The physically active community is not immune to opioid use but through well-developed physical therapy programs and care coordinated approaches, opioid prescription can be decreased.
Huaiyu Tan, M.D., Ph.D., is a physical medicine and rehabilitation physician specializing in interventional pain medicine at Gulf Breeze, Fla.-based Andrews Institute for Orthopaedics & Sports Medicine. He shared his thoughts with Becker's Spine Review on the prominence of opioids in musculoskeletal medicine, and what he does at Andrews Institute to avoid using opioids for pain management.
While representing only 4.6 percent of the world’s population, Americans consume 80 percent of the worldwide opioid supply. A recent CDC study shows with an initial 10-day prescription, about 20 percent of individuals become long term opioid users.
From this, Dr. Tan said the longer one is on an opioid, the more difficult it is to stop opioid use. Patients prescribed opioids can become tolerant to the effects of the drug, requiring greater quantities to decrease the pain, which in turn contributes to long-term dependence, addiction, and increasing the risk of sudden death.
Dr. Tan said one of the biggest problems is that people become tolerant to an opioid dose and the dose escalates, which creates long term problems.
Most recently in the March 2018 issue of the Journal of the American Medical Association, there was a clinical trial that demonstrated no difference between non-opioid versus opioid treatment groups for back, hip, or knee pain, for over a one year period. Dr. Tan said there are no studies that demonstrate and support the long term effectiveness of opioid therapy.

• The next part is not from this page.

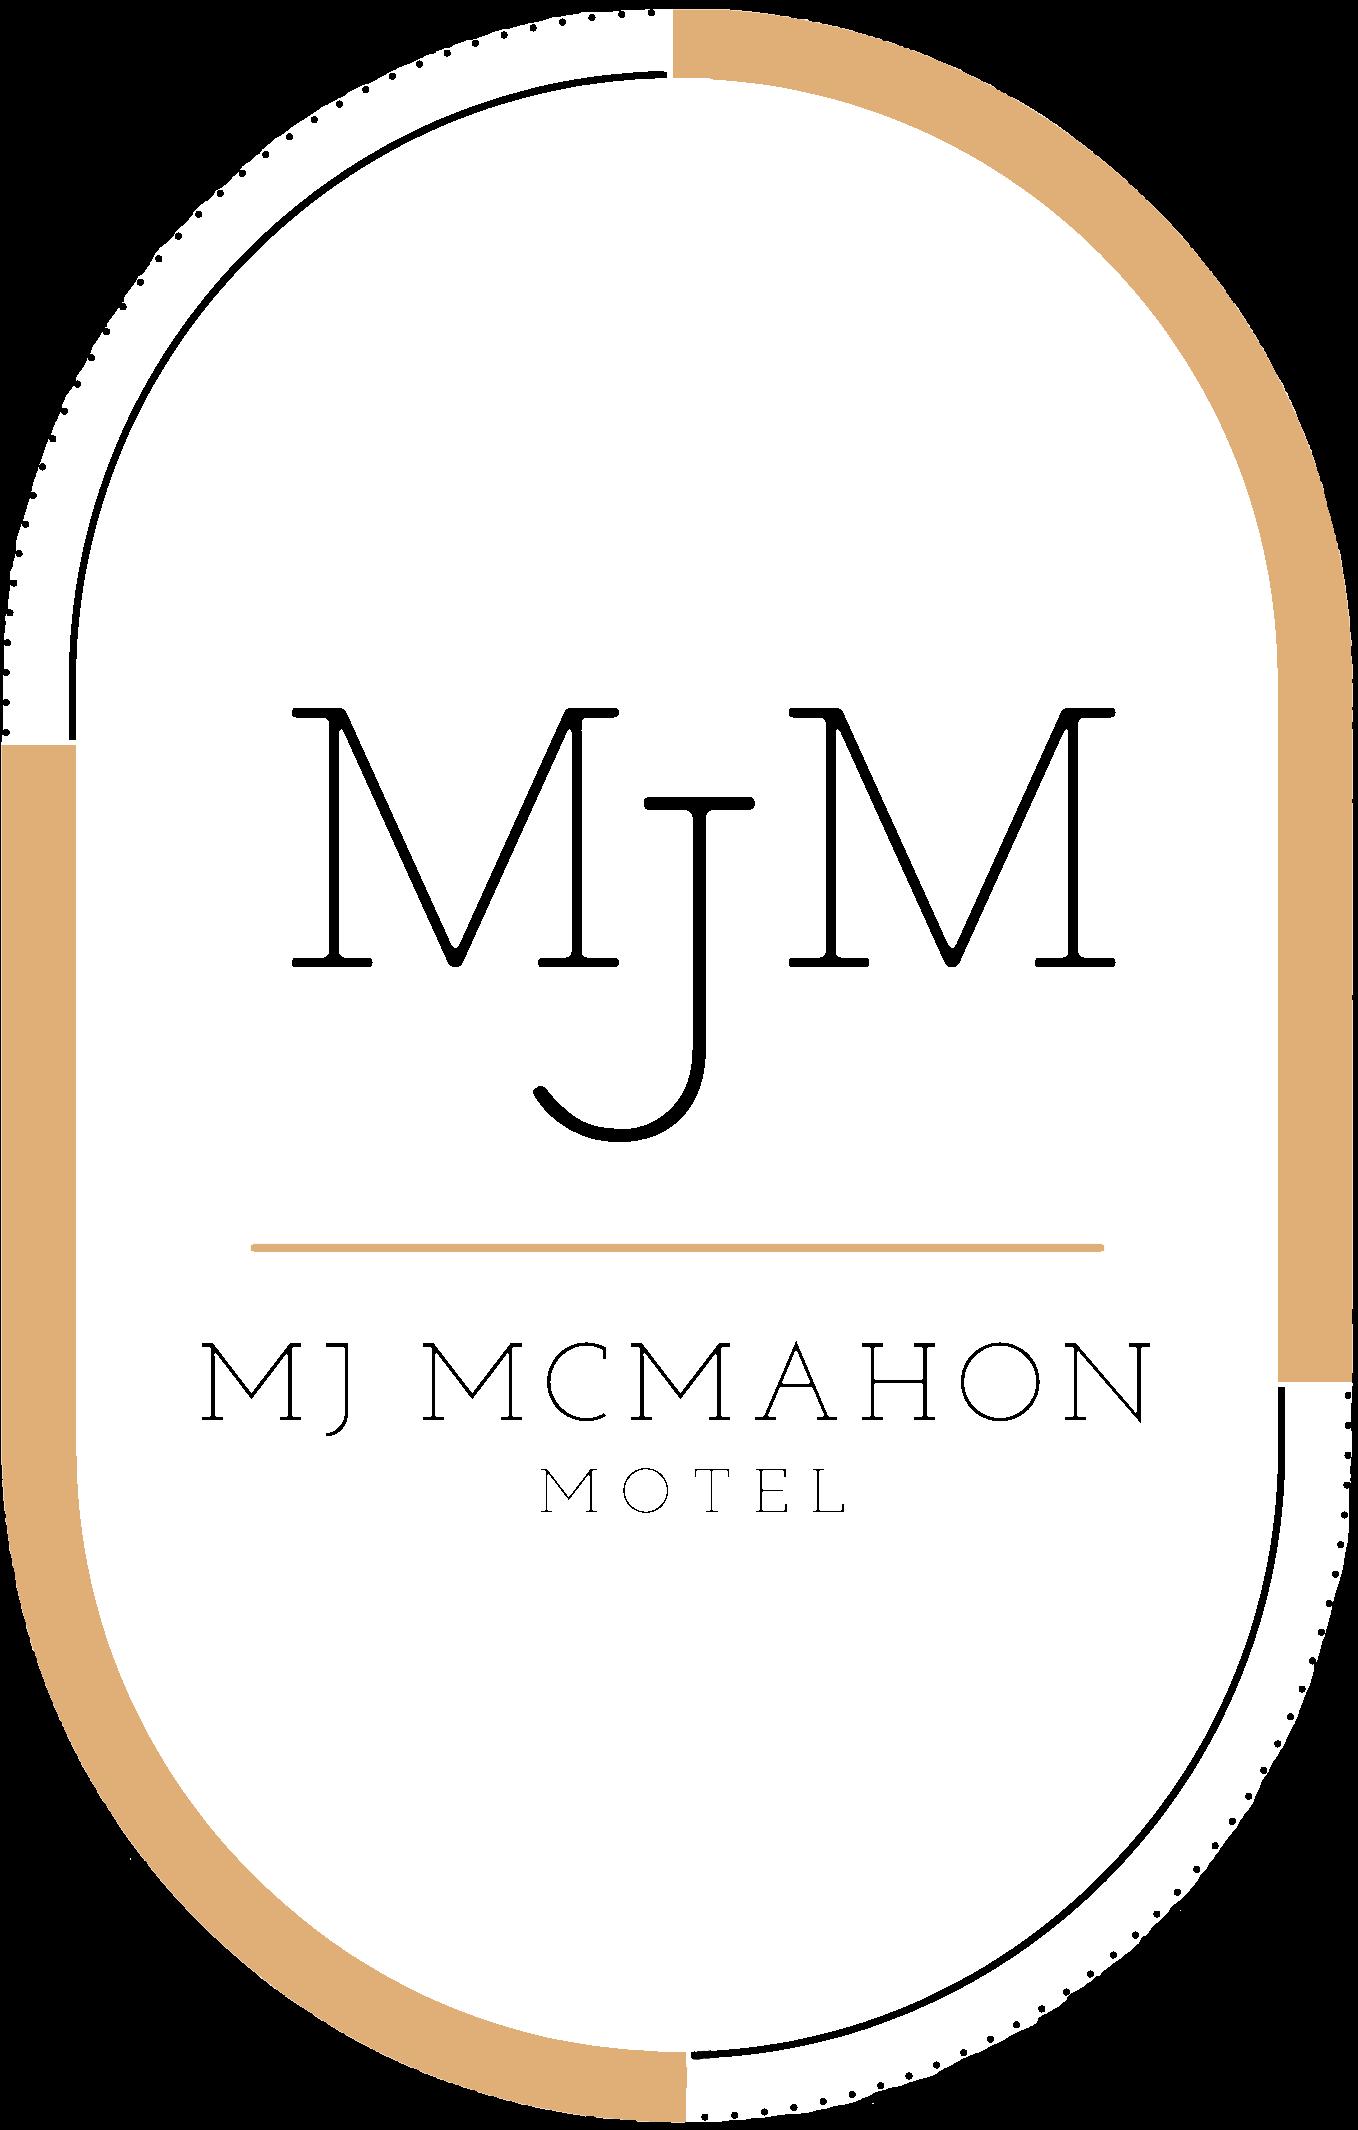 MJ McMahon Motel

By being brought into the treatment plan at an early stage, Dr. Tan warns patients of the risks of opioids, including addiction, hormonal disturbance, immune suppression and opioid-induced hyperalgesia. He then develops a proper rehabilitation plan to help the patient recover from injury.
"Physical therapy is the cornerstone of treatment for any musculoskeletal or spine condition," he said. "The majority of my patients are [receptive to physical therapy]. At Andrews, we have a unique clientele where a lot of our patients are motivated to participate [in physical therapy] and are looking forward to returning to an active lifestyle."

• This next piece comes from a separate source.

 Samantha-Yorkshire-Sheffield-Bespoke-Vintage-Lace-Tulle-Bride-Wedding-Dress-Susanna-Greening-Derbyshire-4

As for how other practices can emulate Dr. Tan and the Andrews Institute, he said the biggest thing physicians need to recognize is that all pain doesn't need to be treated with opioids and that pain should not be treated as an opioid deficiency.
"Generating an opioid prescription for pain should be a careful and thoughtful process," he said. "Long-term risk needs to be weighed with short-term benefits. … [And] even when treating acute pain, we need to be judicious."